Книги

Великие пары. Истории любви-нелюбви в литературе

22
18
20
22
24
26
28
30
И вот я вникаю на ощупьВ доподлинной повести тьму.Зимой мы расширим жилплощадь.Я комнату брата займу.(“Кругом семенящейся ватой…”, 1931)

“Расширим жилплощадь” – и это Пастернак, который был всегда озабочен только расширением лексики, расширением возможностей языка! “И солнце маслом / Асфальта залило б салат” (“Все снег да снег – терпи, и точка…”, 1931) – просто какая-то гастрономическая составляющая в его стихах появляется, и даже письма носят отпечаток этого неуместного, именно жениховского счастья: “Я хочу жить пронзенным и прозининым”.

Но ведь им весело, им все еще нравится этот немного авантюрный роман. И года до 1936-го все продолжается на волне этой эйфории. Правда, уже в 1934-м, во время писательского съезда, у Пастернака намечаются некоторые расхождения с официальной линией, хотя он становится одним из секретарей Союза писателей.
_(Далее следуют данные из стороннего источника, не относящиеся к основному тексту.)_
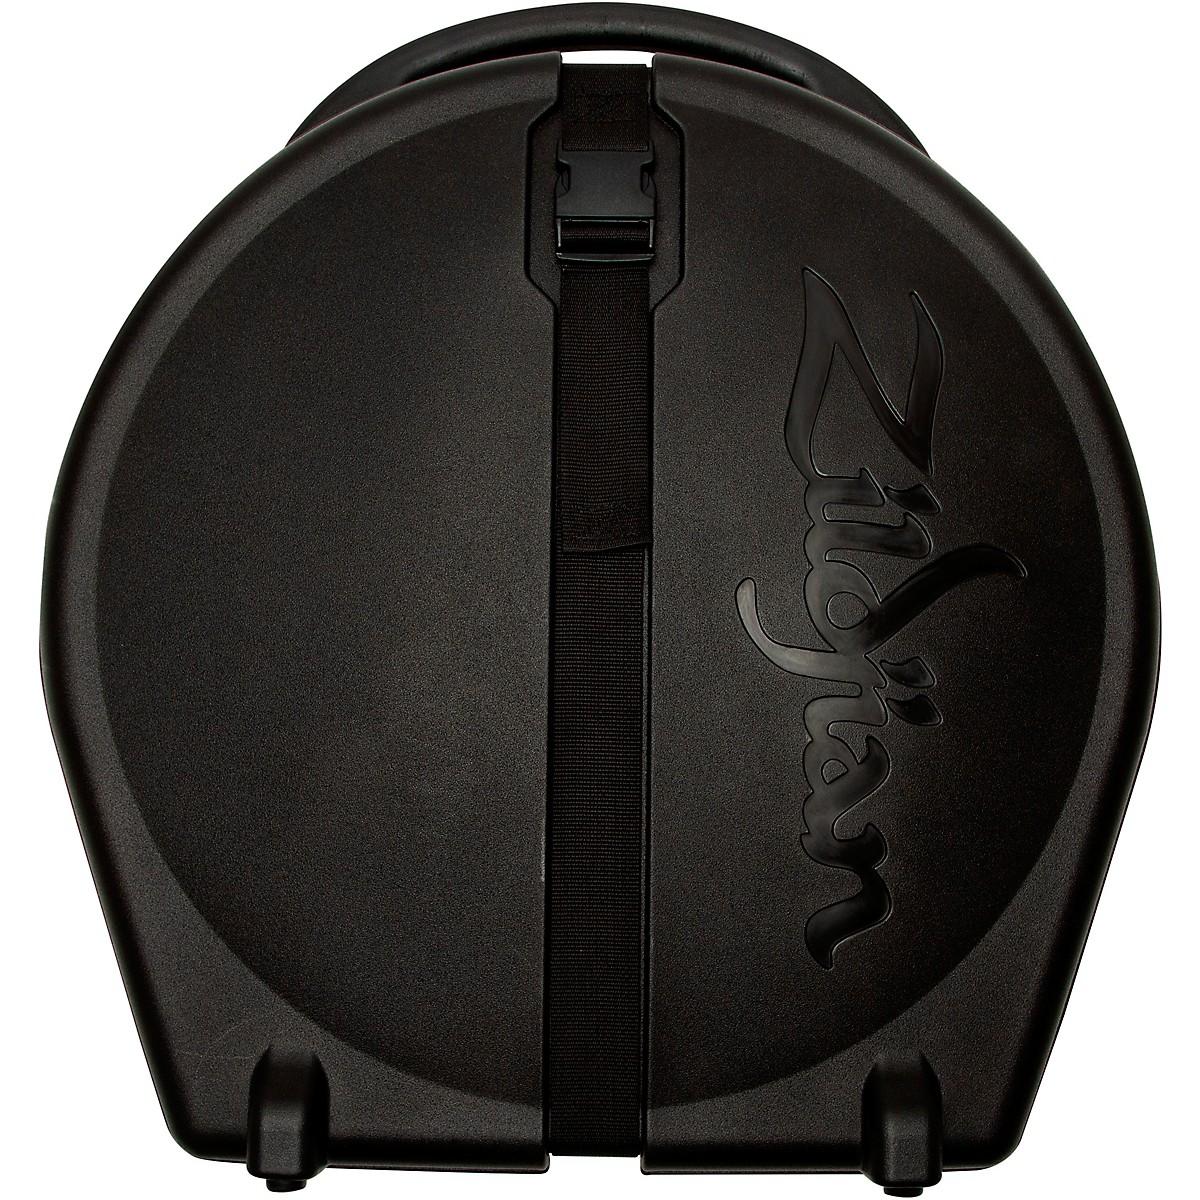 Zildjian Rolling Cymbal Vault

В докладе Бухарина на первом съезде советских писателей, посвященном проблемам советской поэзии, лирике придается государственное значение. Бухарин называет Пастернака поэтом “очень крупного калибра”, “одним из замечательнейших мастеров стиха в наше время”, первым из советских поэтов, и Пастернаку ужасно это не нравится. Он почти не пишет стихов в это время. Ему до цикла “Из летних записок” невмочь прямо высказаться о происходящем. Он пишет в письмах тогдашних, что на съезде к трем частям правды о нем припутаны две части лжи, и эти две части всё оскорбляют, все отменяют. Начинается принципиальное расхождение с эпохой.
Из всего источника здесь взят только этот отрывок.